Attorney General NSW v Peters (1924) 34 CLR 146 applied
QUYD Pty Ltd v Marvass Pty Ltd [2009] 1 Qd R 41 applied
State of Queensland v Brooks and McCabe [2006] QCA 431 applied

APPEARANCES and REPRESENTATION (if any):

This matter was heard and determined on the papers pursuant to s 32 of Queensland Civil and Administrative Tribunal Act2009 (QCAT Act).

REASONS FOR DECISION

  1. This is an application for leave to appeal from a decision made by a Member of the Tribunal to strike out the proceedings brought by Gold Tip (News) Pty Ltd.  Gold Tip made a number of claims against AMP Life Ltd in relation to a news agency in the Mt Ommaney shopping centre.  The relevant claim for the purpose of this application for leave to appeal is a claim for damages for misrepresentation.

  2. Gold Tip alleged that they agreed to a lease of the news agency at a much higher and more significant rent than they would have agreed to but for misrepresentations made by AMP Life Limited.  The alleged misrepresentations were that AMP had received a signed and unconditional offer for the news agency.

  3. Gold Tip seeks leave to appeal.  This is required as the grounds for appeal allege errors of fact by the learned Member.[1]  They are:

a)That she erred in concluding that AMP’s conduct in stating that they held signed and unconditional offers was not a misrepresentation; and

b)That she erred in concluding that Gold Tip was not induced to enter into the lease agreement with AMP due to the misrepresentation.

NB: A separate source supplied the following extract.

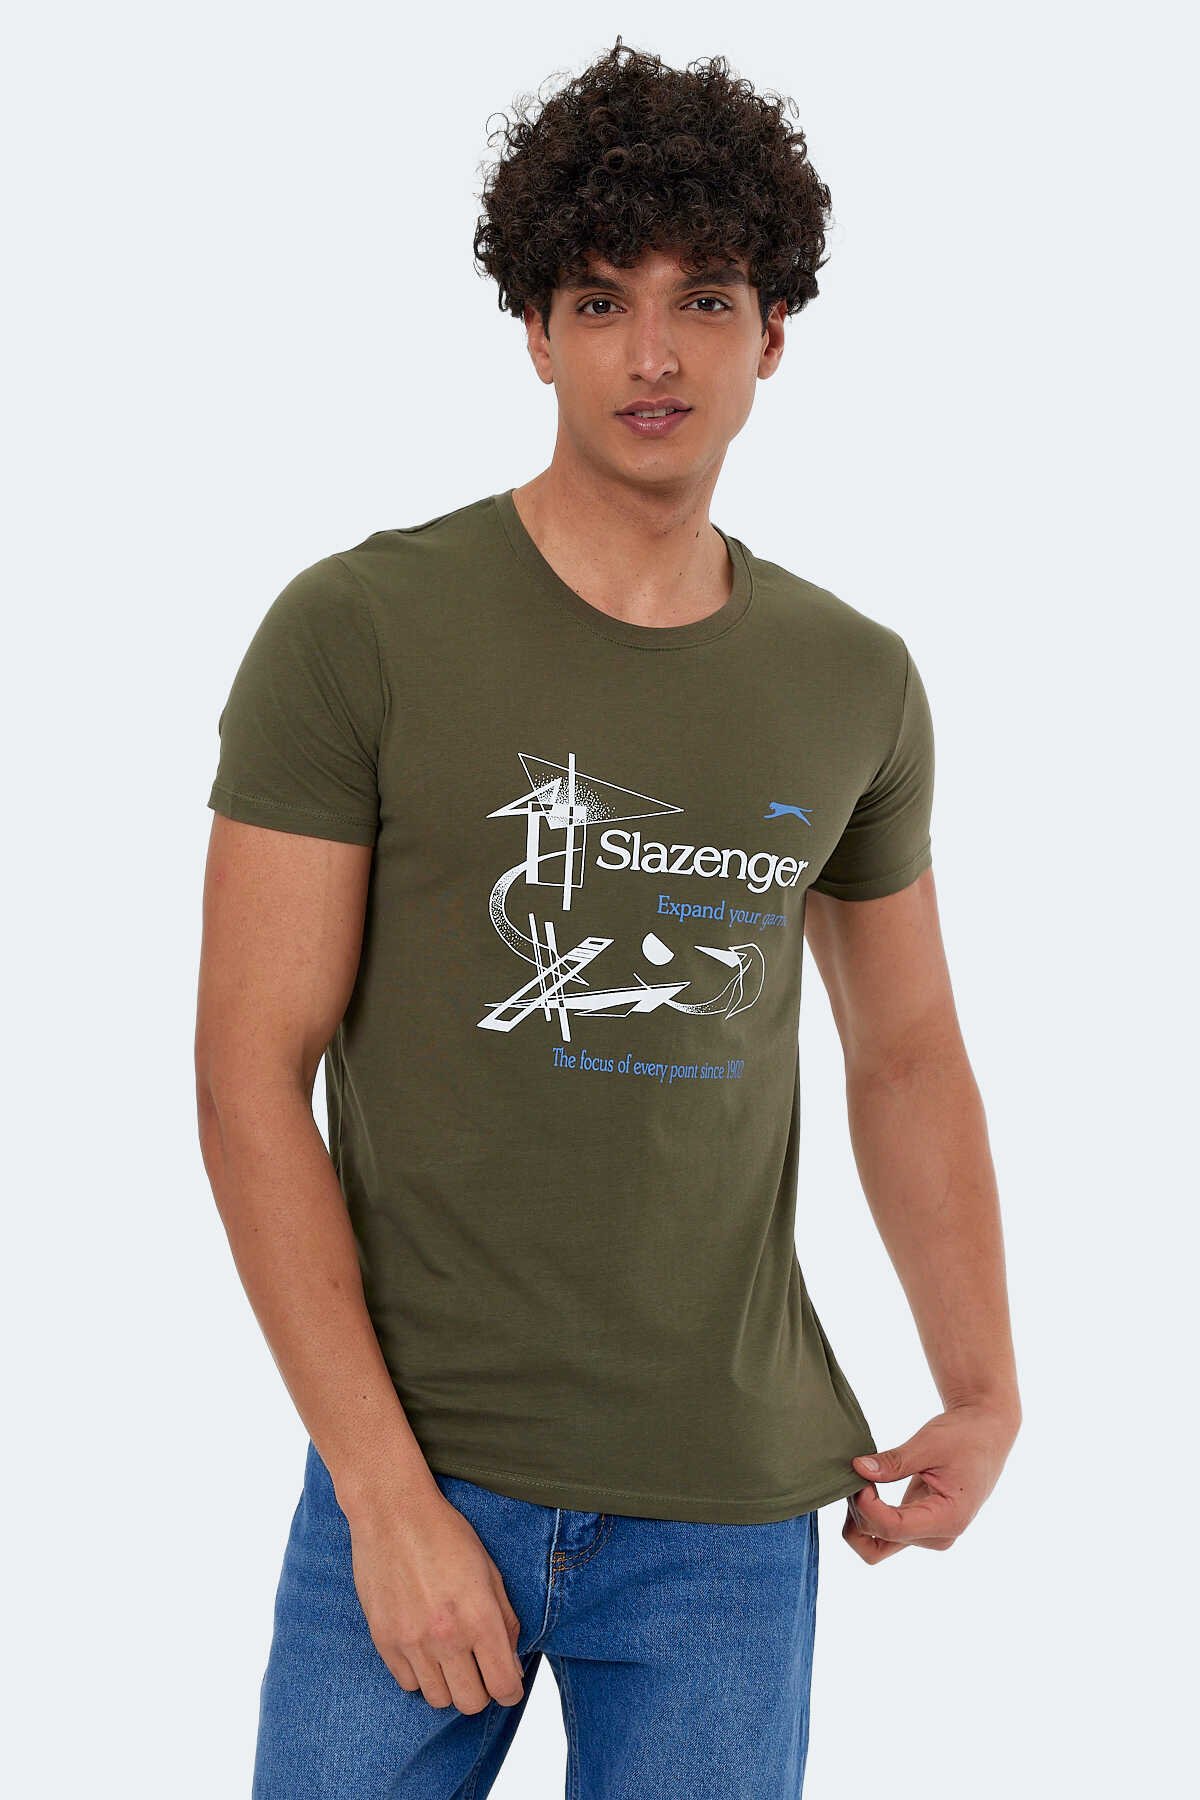 Slazenger KAREL Erkek Kısa Kol T-Shirt Haki

[1]        Queensland Civil and Administrative Tribunal Act 2009, s 142(3)(b).

  1. Leave will only be granted where there is a reasonably arguable case of error in the primary decision.[2]  Appellant Courts are traditionally reluctant to interfere with decisions based on factual findings because they are based on the evidence of witnesses.  Here, the learned Member proceeded on the papers and does not possess the advantage a Trial Judge normally has over an Appeal Court in having observed the witnesses while they gave their evidence. 

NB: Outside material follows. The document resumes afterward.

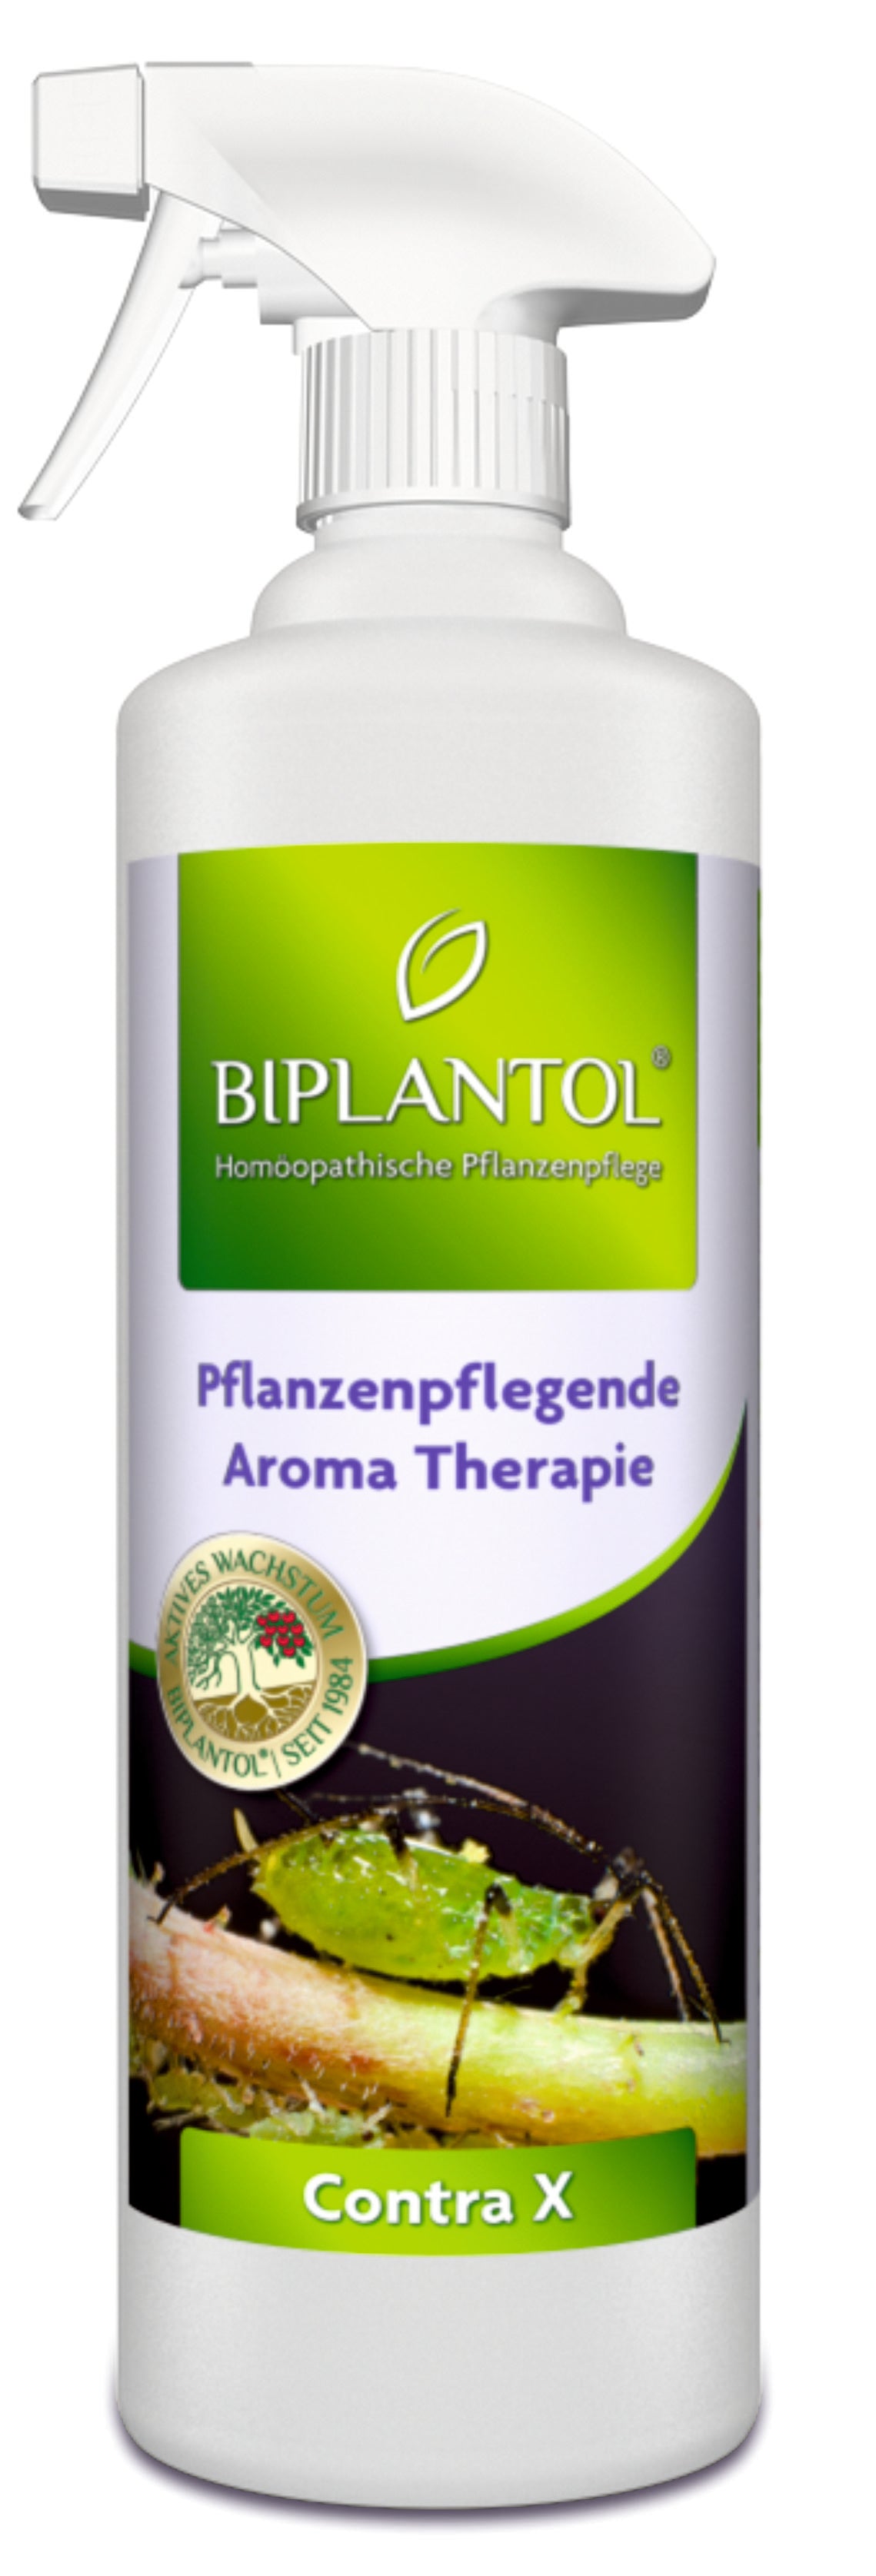 Biplantol® Pflanzenpflege Contra X

    [2]        QUYD Pty Ltd v Marvass Pty Ltd [2009] 1 Qd R 41.

  2. Nevertheless, the Appeal Tribunal is not satisfied that Gold Tip has made out an arguable case of error by the learned Member.

  3. Firstly, the learned Member did not make a finding that AMP’s conduct did not amount to a misrepresentation.  In fact, she said this:

    In describing these communications – particularly the one from Nextra – as ‘signed and unconditional offers’, AMP’s agent, not to put too fine a point on it, was guilding the lily somewhat.

  4. It seems the learned Member did not make any finding about whether or not that constituted a misrepresentation because she went on to conclude that Gold Tip was not induced to enter into the lease because of what was said by AMP’s agent.  Correctly, she observed, a misrepresentation that does not materially induce another party to act cannot find a viable cause of action, either at common law or under the Act (Retail Shop Leases Act 1994).[3]The learned Member went on to explain why she concluded that Gold Tip was not so induced.  In its submissions, Gold Tip has not pointed to any alleged error in the learned Member’s reasoning process.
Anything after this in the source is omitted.